Metacognición: “Observar” nuestros pensamientos - Sociedad

Originalmente, el término Metacognición hacía referencia al pensamiento estratégico encargado de regular los procesos cognitivos empleados en el Aprendizaje, pero yo lo concibo como “la toma de consciencia de todo fenómeno psíquico”. Dicho conocimiento, según John Flavell (1979), se fundamenta -pero no se limita- en las variables de la persona (¿Cuáles son mis recursos?), de la tarea (¿Qué quiero hacer?) y de la estrategia (¿Cómo lo voy a hacer?).

A continuación, en virtud de la importancia que ejercerá el presente artículo en la comprensión de algunos más que publicaré próximamente en NCN, trataré a fondo algunas aplicaciones de este proceso, pero antes de hacerlo, quiero comenzar con la siguiente pregunta.

¿Qué significa ser Consciente?

Consiste en la capacidad de conocer simultáneamente el Interior y Exterior de mi propio Ser. Por un lado, puedo reconocer -sin emitir juicios- el impacto emocional que tienen los estímulos en mí, pero también soy capaz de saber que puedo modificar mi ambiente, por otro. ¿Cómo puedo estar seguro de eso? Porque el Ser no sólo es sustantivo sino verbo, es decir, la existencia es un proceso continuo de creación donde todo es cambiante y transitorio… ¡Y esa naturaleza de la realidad es nuestra oportunidad de crecimiento! Sólo desde este enfoque resulta mucho más fácil explicar la Metacognición.

Búsqueda de significado

Diré algo obvio para los efectos de profundizar este punto: No puedes dejar de experimentar nuestro mundo, o mejor dicho: Ser tú mismo en este plano existencial y conocerte mediante la reflexión en tus acciones. No dejas de actuar en ningún momento. Pero algunas de esas experiencias provienen de la realización de deseos inconscientes vacíos de significado. Los deseos inconscientes se originan en la Ignorancia Básica, que es la falta de conocimiento de uno mismo, lo cual crea un mayor Auto-distanciamiento. Del mismo modo, producen cierto “placer” más no verdadero Bienestar. Muchos de ellos son enfermizos y absorben nuestra atención dando origen a conductas incorrectas.

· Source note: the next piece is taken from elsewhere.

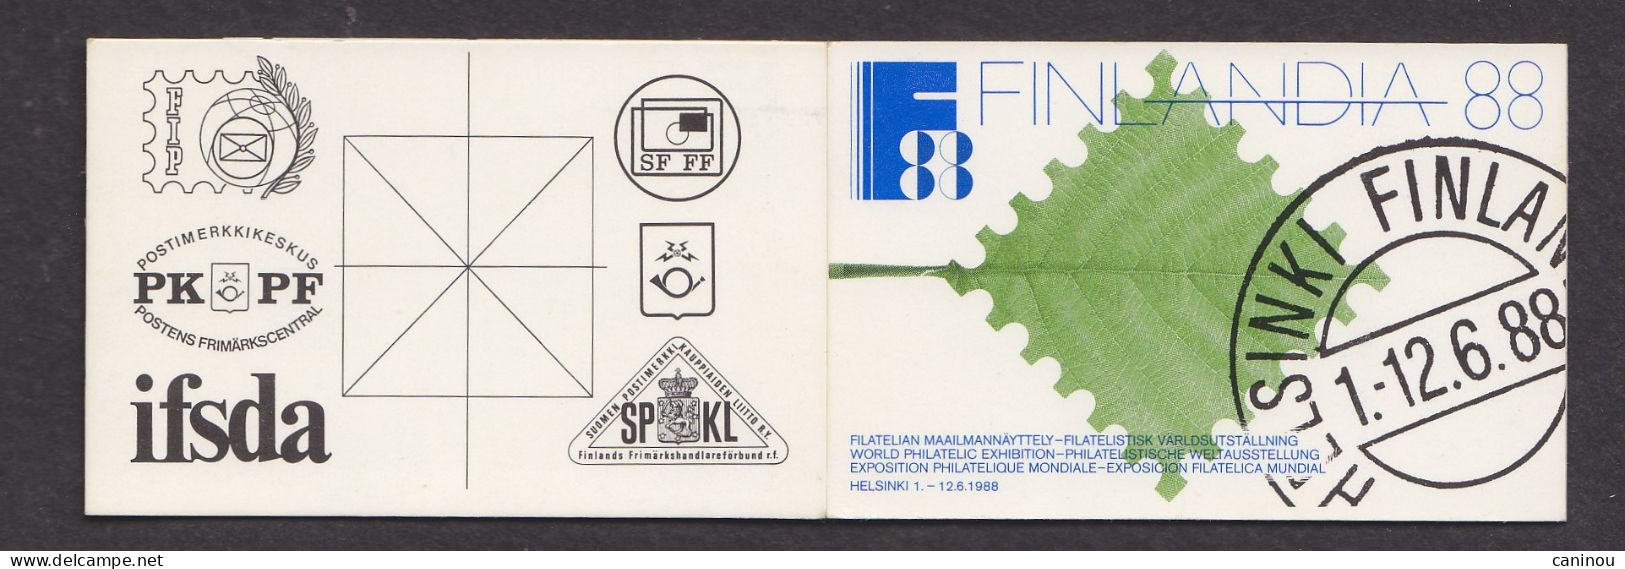 FINLANDE CARNET  Y & T C972a  FINLANDIA 88 1987 NEUF - Libretti

Como comentaba al principio, la Metacognición es la toma de consciencia de todo fenómeno psíquico. Para liberarse de los deseos inconscientes, es necesario detenerse un momento para conocerlos mediante las siguientes preguntas: ¿Qué estoy haciendo? ¿Por qué lo hago? ¿Cómo contribuye a mi Bienestar? ¿Debería seguir haciéndolo? Si una vez lograda la toma de consciencia del deseo se descubre que no hay razón válida para satisfacerlo, deberá ser ignorado y, entonces, será posible concentrarse en otro asunto que sea significativo. Las experiencias inconscientes no sólo son inevitables sino necesarias hasta cierto punto, es decir, cuando aprendimos de ellas lo que necesitábamos saber acerca de nosotros mismos es posible descartarlas por completo y elegir nuevas experiencias basadas en ese Aprendizaje Básico.

Regulación emocional

Nuestra mente posee su propio equilibrio al igual que nuestro cuerpo. Es por ello que resulta de fundamental importancia explorar nuestras respuestas emocionales producidas por nuestro entorno, a fin de conocer los pensamientos o creencias de los cuales provienen, en el camino del Auto-conocimiento.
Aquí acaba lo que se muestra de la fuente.